By on August 10, 2018

Mercedes-Benz sport-utility vehicles assembled in Tuscaloosa, Alabama, are being checked for potential problems by Chinese customs authorities in Shanghai, according to the nation’s media. The situation was later confirmed by Daimler AG on Thursday.

Officially, custom agents discovered the imported GLE and GLS models possess “insufficient” rear brakes and pose a safety risk. However, this isn’t China’s first time holding up product from the Tuscaloosa factory. Daimler confirmed that its American-made SUVs, along with vehicles from Ford, were held up for several weeks in late April. 

According to Reuters, a China-based Ford executive said the company was being asked to perform additional checks on emission components. Meanwhile, a second unnamed industry official said China subjected BMW and Daimler to similar delays. BMW later denied the claims, however.

“Customs pretends there are technical non-conformities of some nature that won’t allow them to clear these U.S.-made cars through customs, but the U.S.-China trade frictions must be the background to this,” the official said. “Although no one will officially admit it.”

Japanese and German vehicles built outside the United States aren’t facing similar delays at Chinese ports. While this may be indicative of nothing, the holdup of American goods extends beyond the automotive realm and seems to coincide with periods of particularly aggressive trade decisions from the United States. For example, the April customs hold-up took place immediately after President Trump accused China of stealing American technologies through joint-venture requirements and unfair listening practices, all while preparing $150 billion in tariffs on Chinese goods.

The more recent port delay with Mercedes took place as Chinese authorities prepared additional retaliatory tariffs of 25 percent on $16 billion worth of U.S. imports from numerous industries, including automotive.

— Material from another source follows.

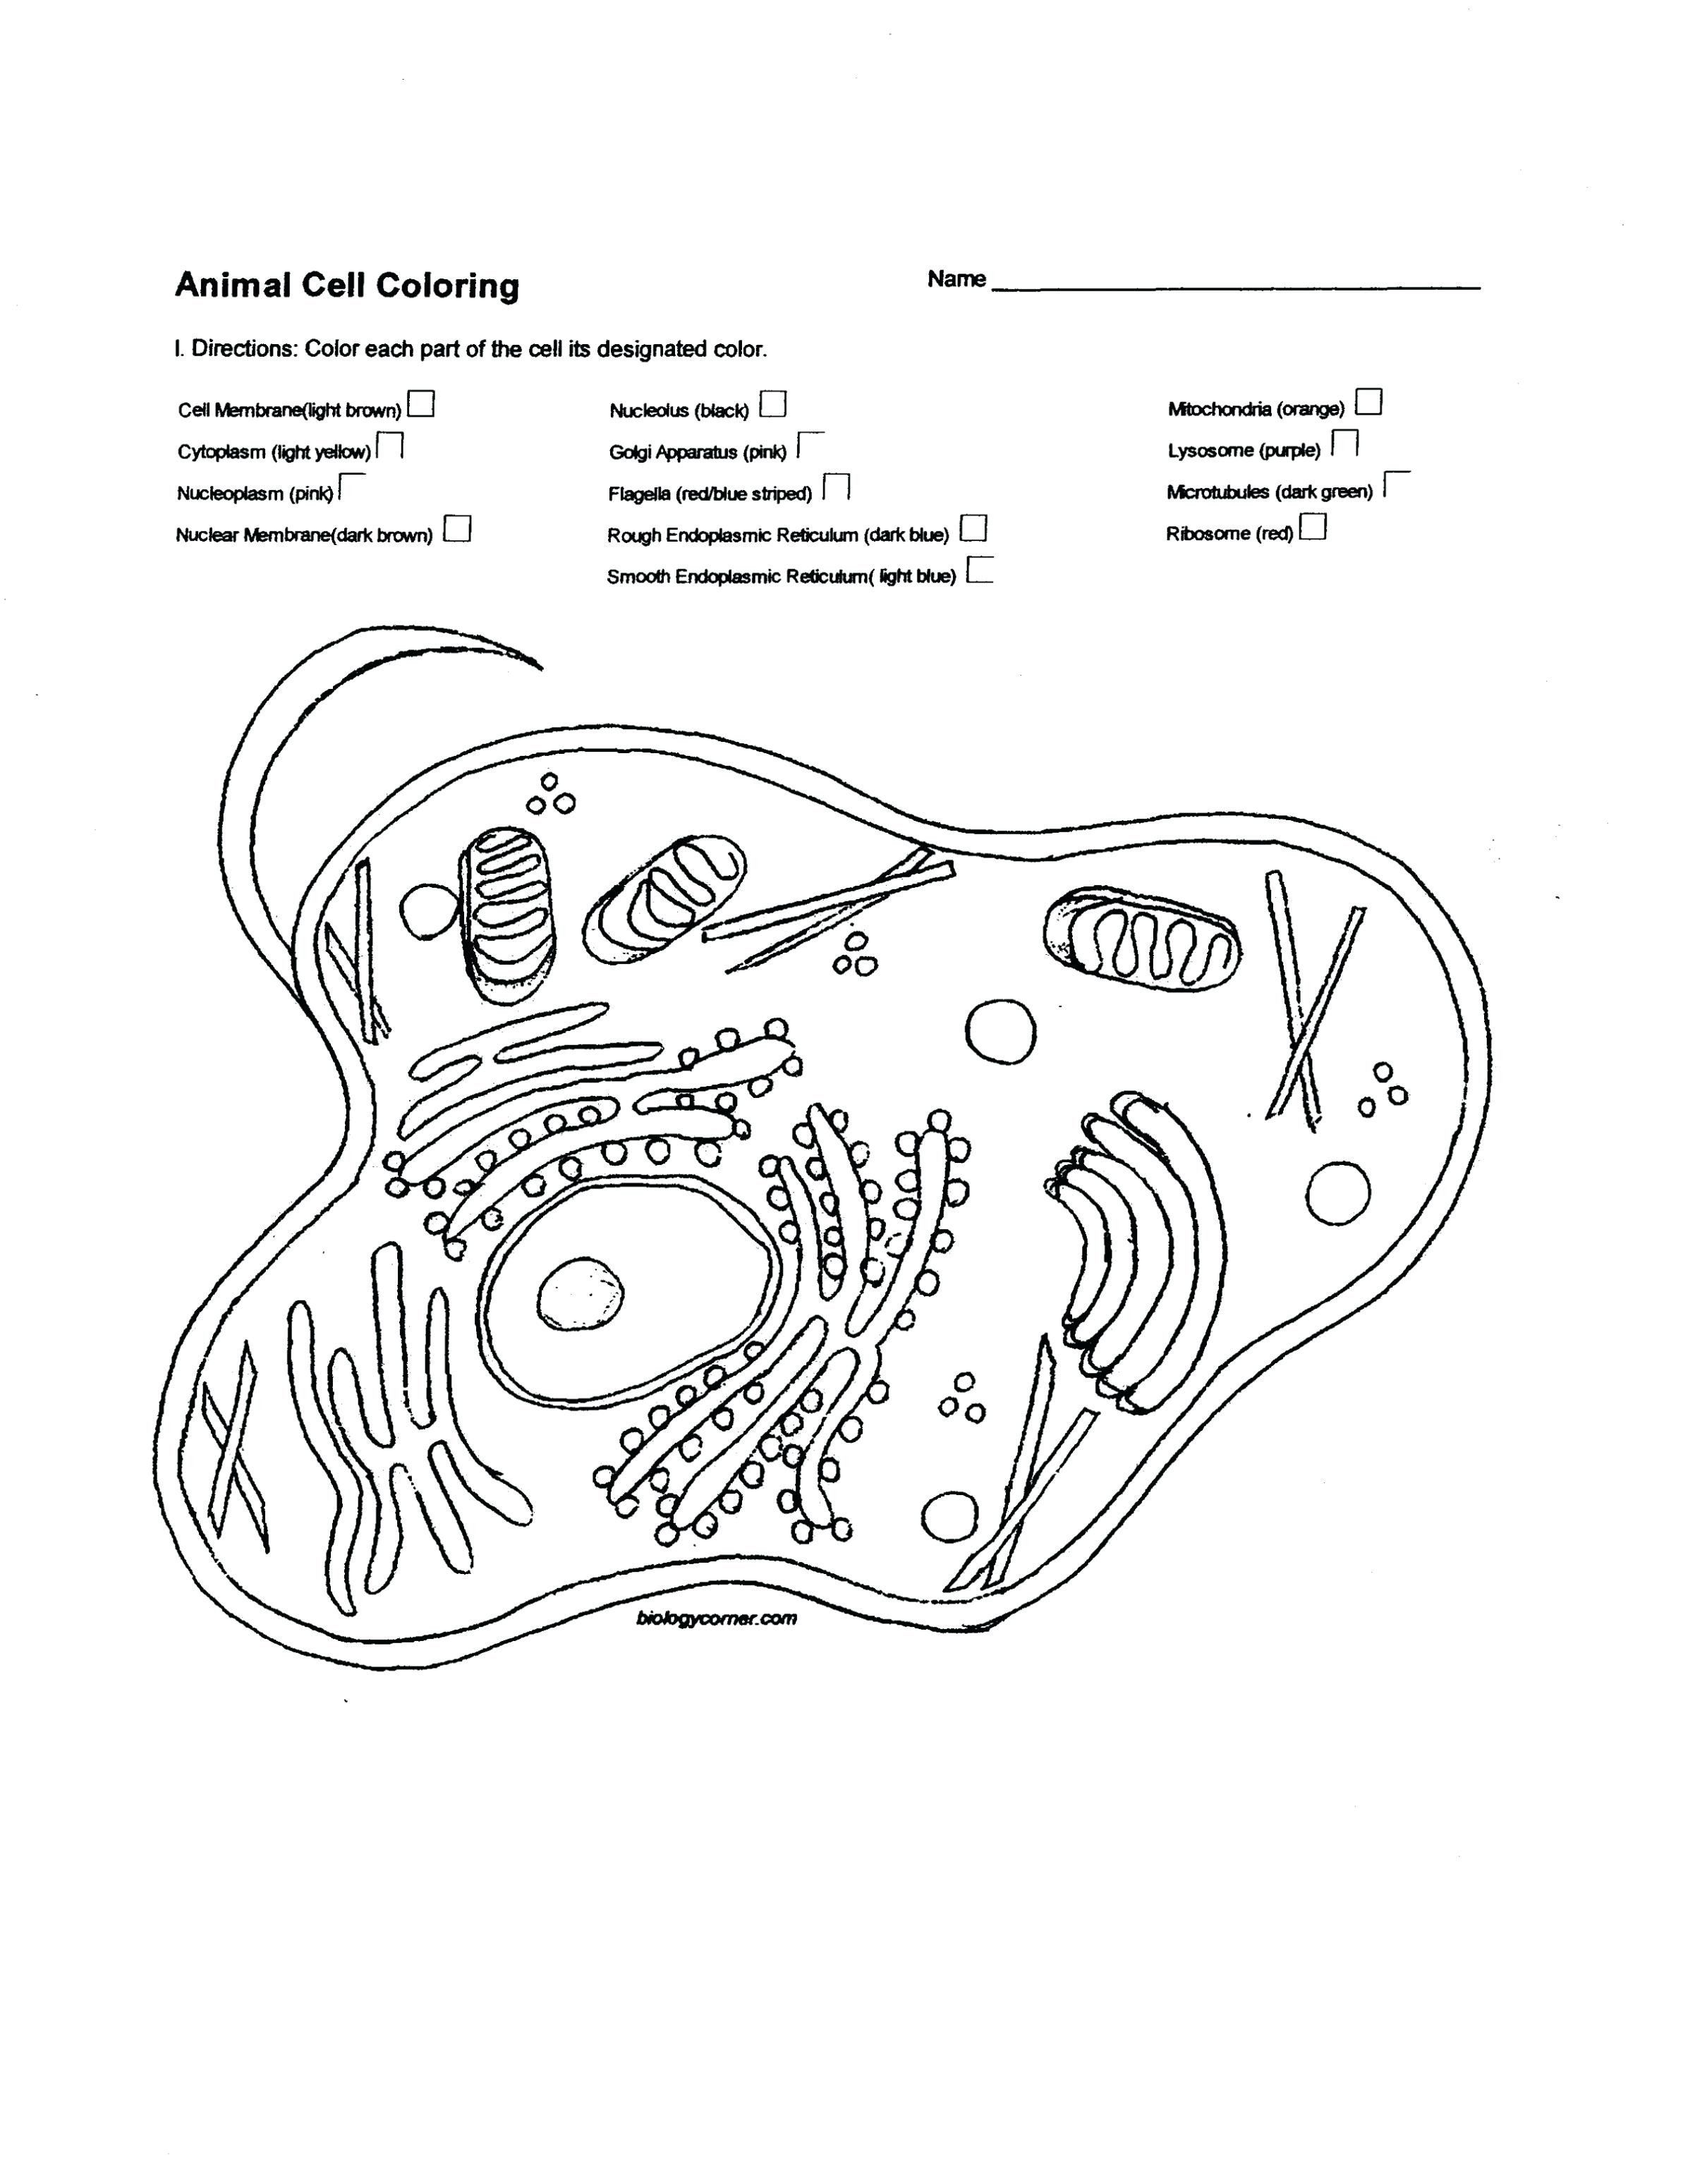 Animal And Plant Cell Coloring Pages - Coloring Home Throughout Animal Cell Coloring Worksheet

American-made vehicles are subject to an elevated import tariff of 40 percent, though China kept its promise with the rest of the world and reduced automotive duties to just 15 percent. Last month, this helped raise the number of vehicles imported into the nation from countries other than the United States. Foreign automakers shipped 165,000 vehicles into China through July, breaking the previous record of 134,000 from four years earlier.

“We are working with the relevant authorities to resolve the issue,” a Daimler spokeswoman said on Thursday. The company could not identify the number of vehicles affected but described the situation as an “entirely technical issue.”

The United States has a new 25 percent tariff on $16 billion worth of Chinese goods scheduled for August 23rd, the same day China imposes its import fee of the same amount. We’ll let you know if more American-made vehicles find themselves in need of additional safety checks at Chinese ports.

[Image: Daimler AG]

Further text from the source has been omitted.